» **WHAT YOU HAVE TO DO**
Reproduce each line of the following material exactly, omitting the images.

» **INFORMATION SHOWN**
+-------+
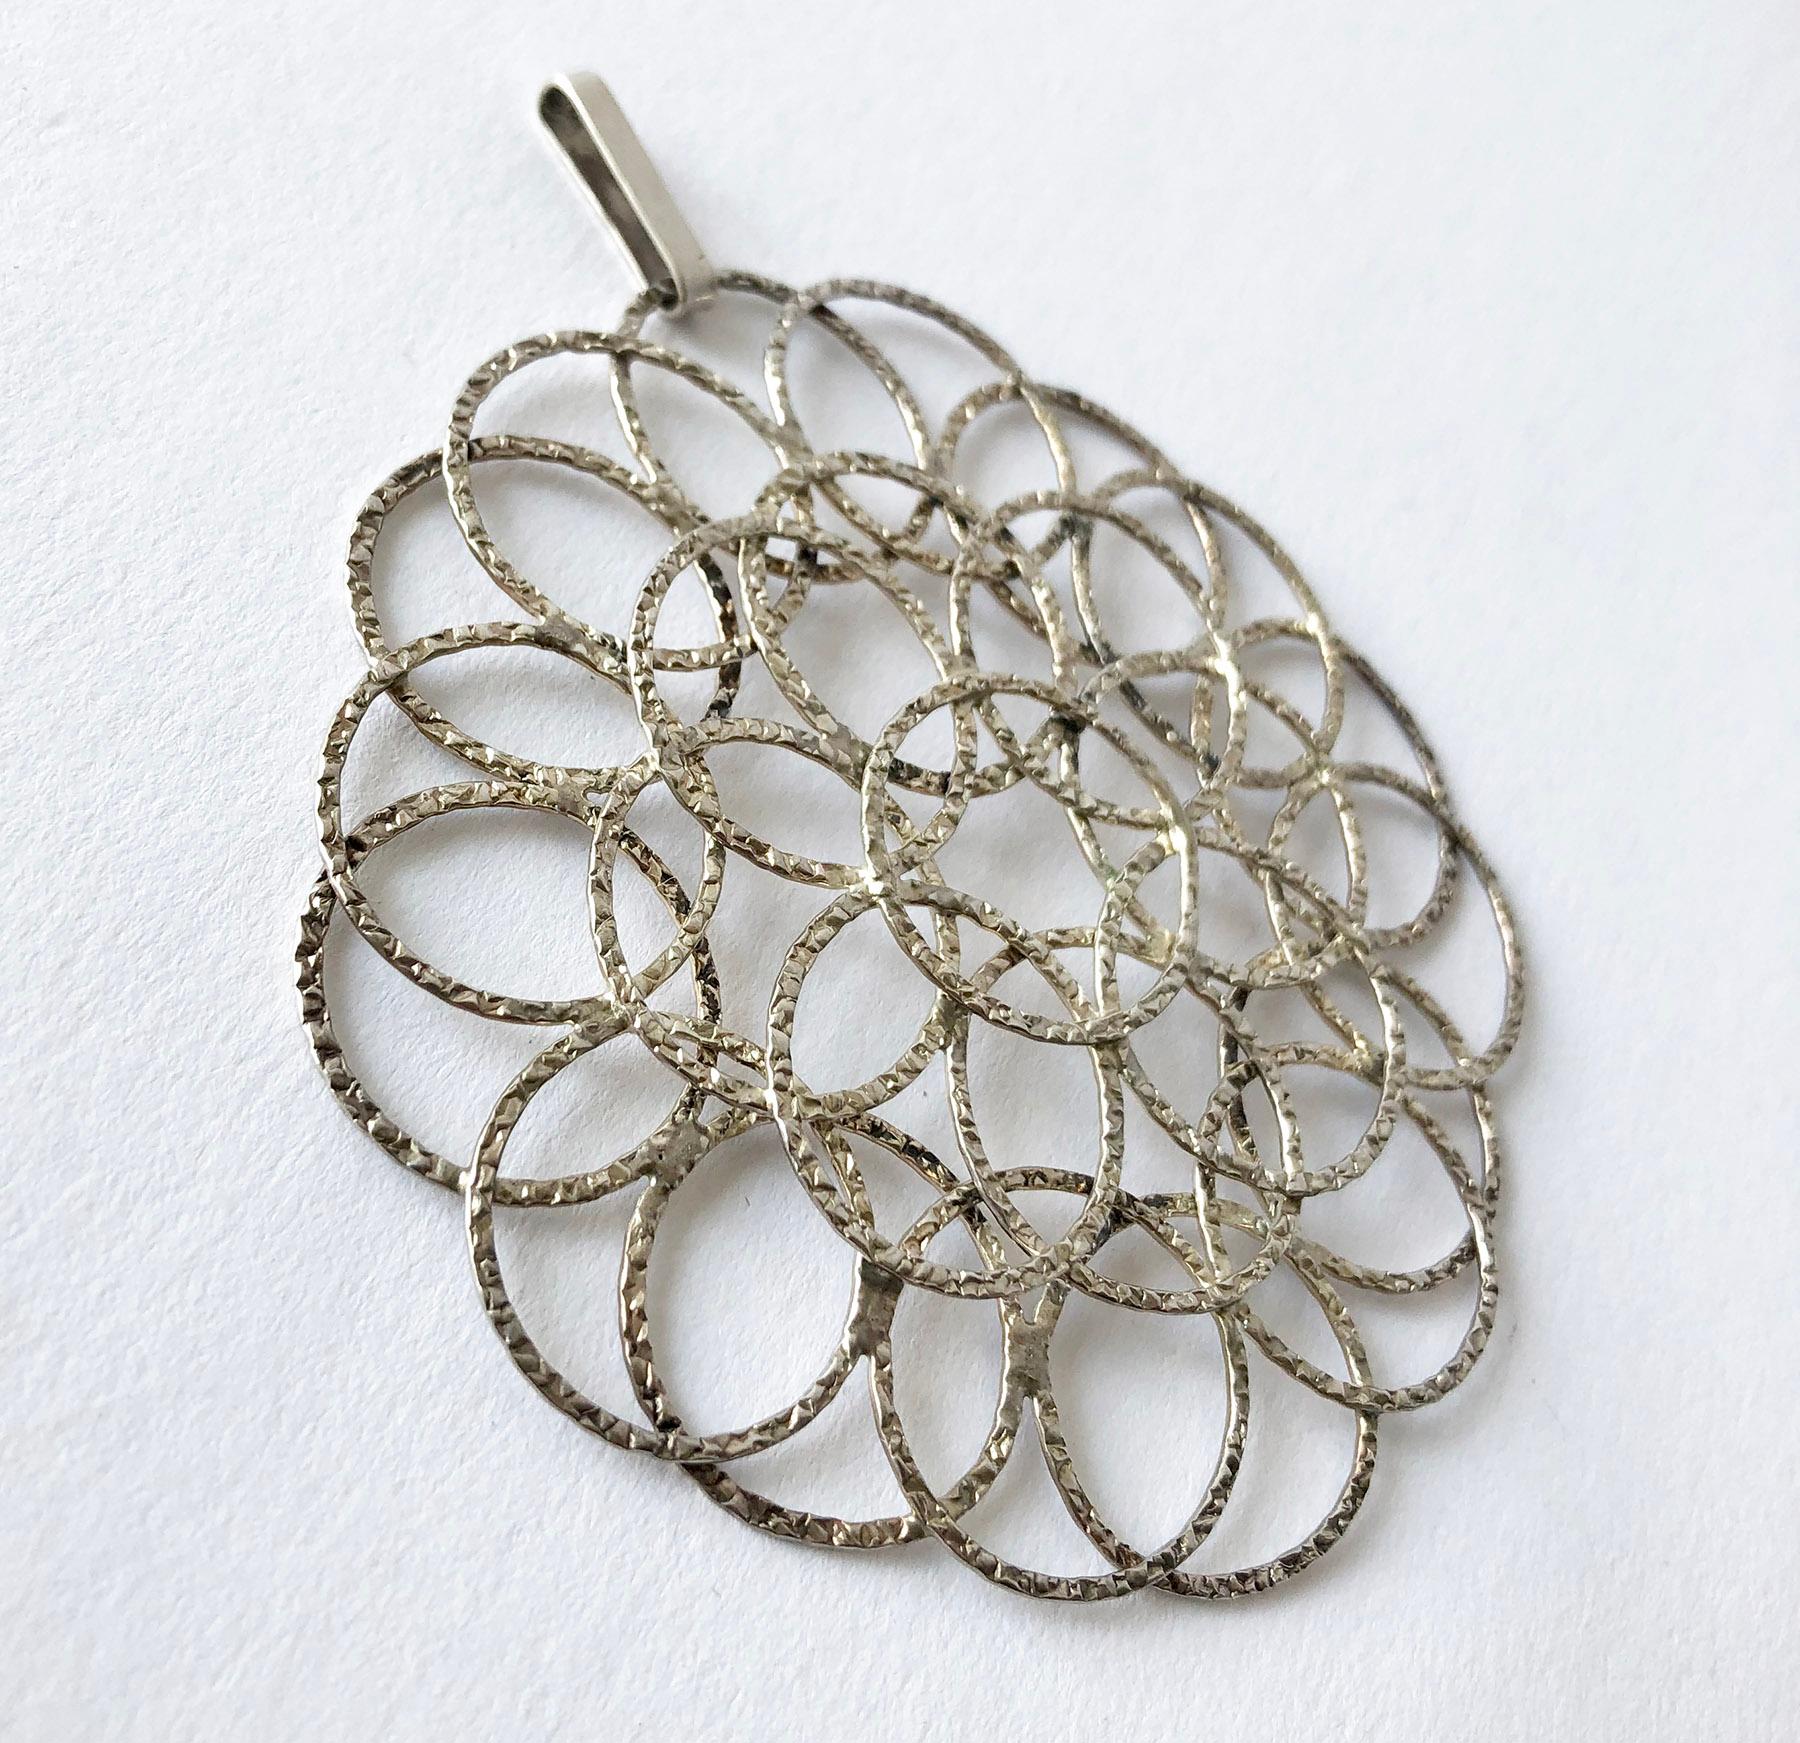 Sterling silver circular lacy pendant created by Victor Janson of Sweden, circa 1970's. Pendant measures 3
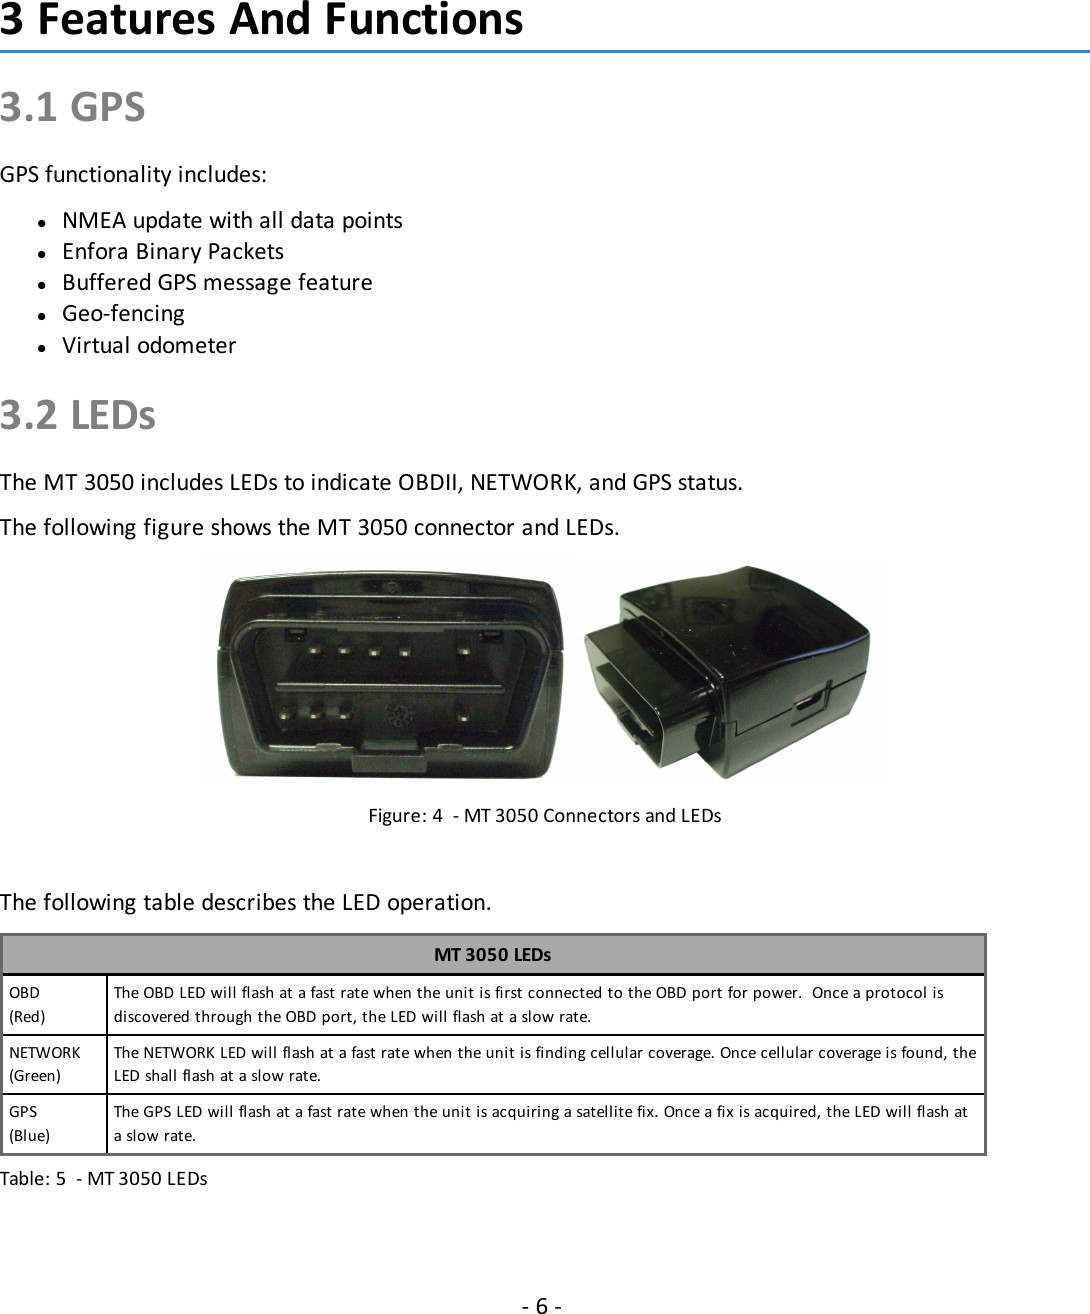 - 6 -3 Features And Functions3.1 GPSGPS functionality includes:lNMEA update with all data pointslEnfora Binary PacketslBuffered GPS message featurelGeo-fencinglVirtual odometer3.2 LEDsThe MT 3050 includes LEDs to indicate OBDII, NETWORK, and GPS status.The following figure shows the MT 3050 connector and LEDs.Figure: 4 - MT 3050 Connectors and LEDsThe following table describes the LED operation.MT 3050 LEDsOBD(Red)The OBD LED will flash at a fast rate when the unit is first connected to the OBD port for power. Once a protocol isdiscovered through the OBD port, the LED will flash at a slow rate.NETWORK(Green)The NETWORK LED will flash at a fast rate when the unit is finding cellular coverage. Once cellular coverage is found, theLED shall flash at a slow rate.GPS(Blue)The GPS LED will flash at a fast rate when the unit is acquiring a satellite fix. Once a fix is acquired, the LED will flash ata slow rate.Table: 5 - MT 3050 LEDs
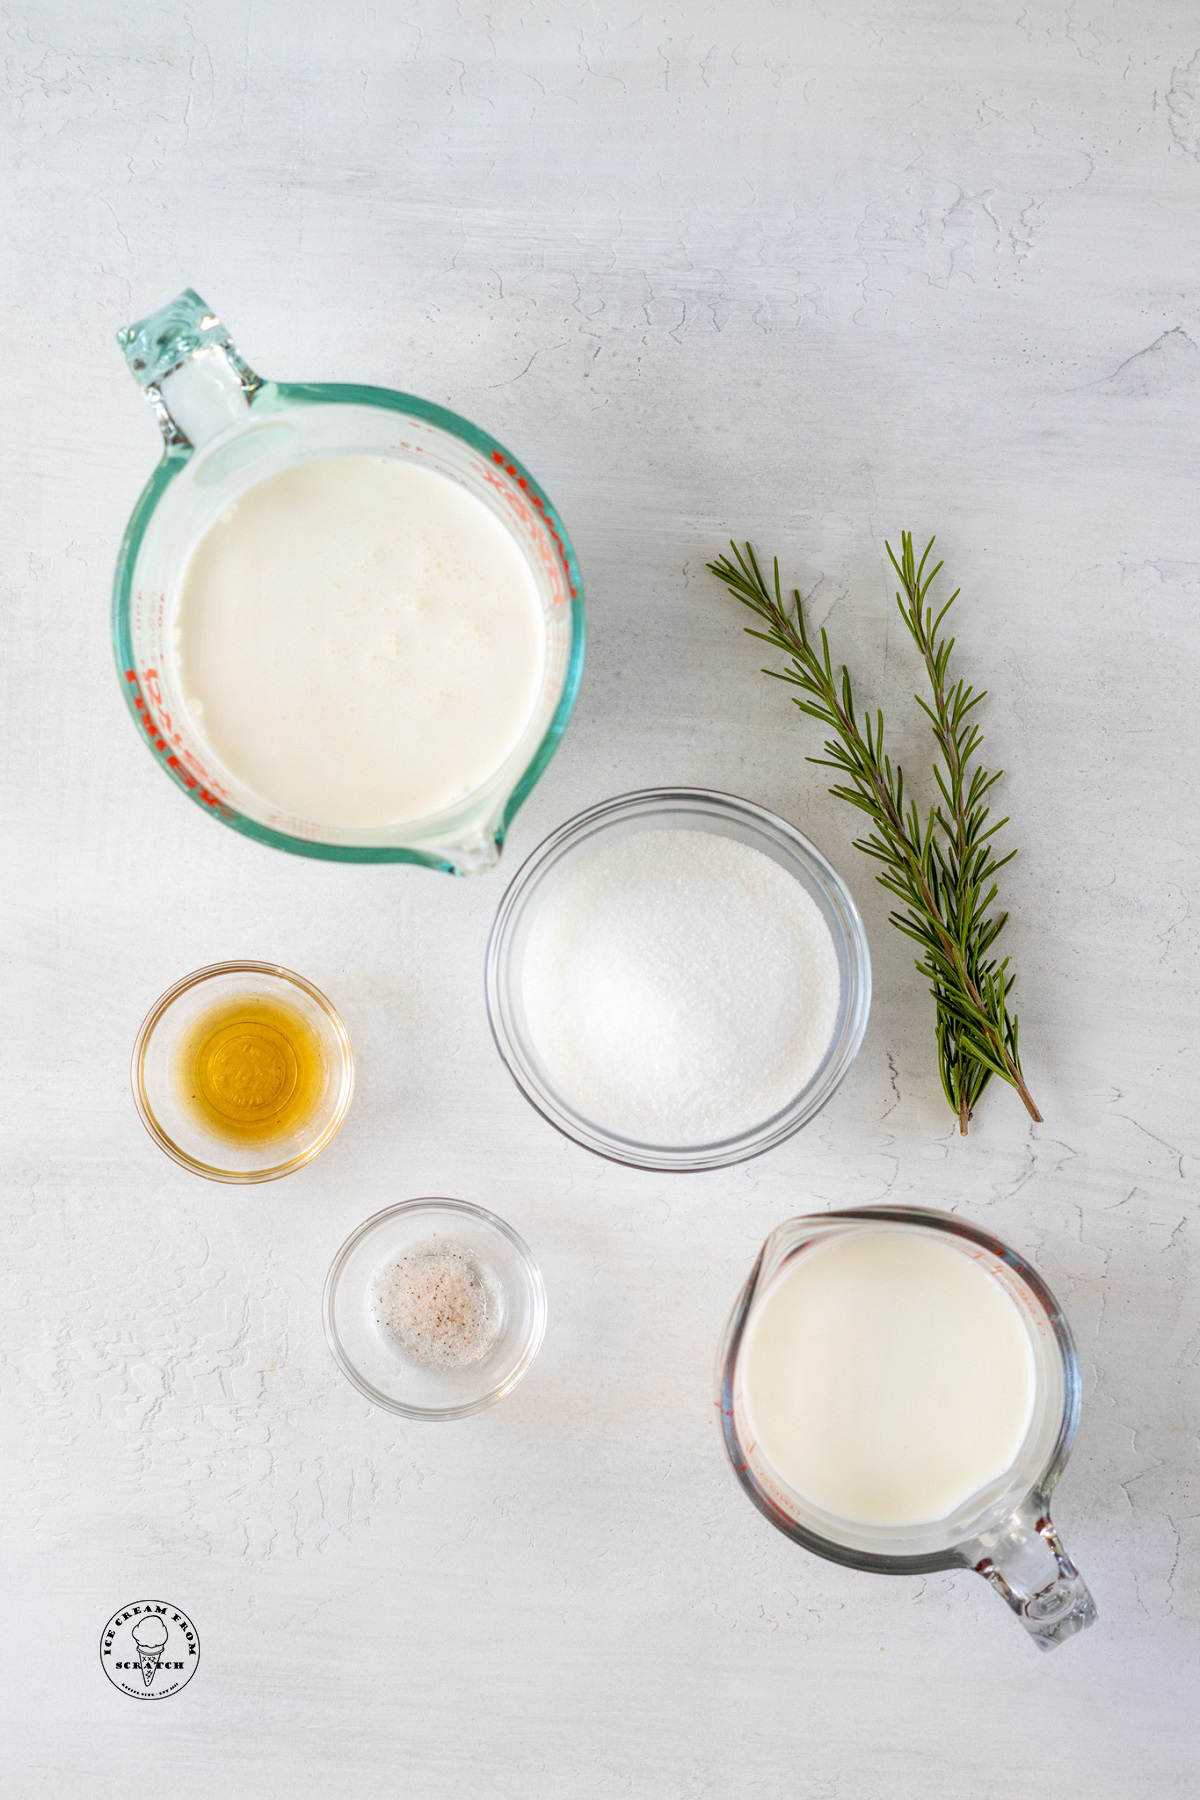 Milk, cream, sugar, salt, and vanilla, measured into glass bowls and measuring cups, next to two sprigs of rosemary on a stone counter.
+-------+
» **RESULT**
 Sterling silver circular lacy pendant created by Victor Janson of Sweden, circa 1970's. Pendant measures 3
 - 6 -3 Features And Functions3.1 GPSGPS functionality includes:lNMEA update with all data pointslEnfora Binary PacketslBuffered GPS message featurelGeo-fencinglVirtual odometer3.2 LEDsThe MT 3050 includes LEDs to indicate OBDII, NETWORK, and GPS status.The following figure shows the MT 3050 connector and LEDs.Figure: 4 - MT 3050 Connectors and LEDsThe following table describes the LED operation.MT 3050 LEDsOBD(Red)The OBD LED will flash at a fast rate when the unit is first connected to the OBD port for power. Once a protocol isdiscovered through the OBD port, the LED will flash at a slow rate.NETWORK(Green)The NETWORK LED will flash at a fast rate when the unit is finding cellular coverage. Once cellular coverage is found, theLED shall flash at a slow rate.GPS(Blue)The GPS LED will flash at a fast rate when the unit is acquiring a satellite fix. Once a fix is acquired, the LED will flash ata slow rate.Table: 5 - MT 3050 LEDs
 Milk, cream, sugar, salt, and vanilla, measured into glass bowls and measuring cups, next to two sprigs of rosemary on a stone counter.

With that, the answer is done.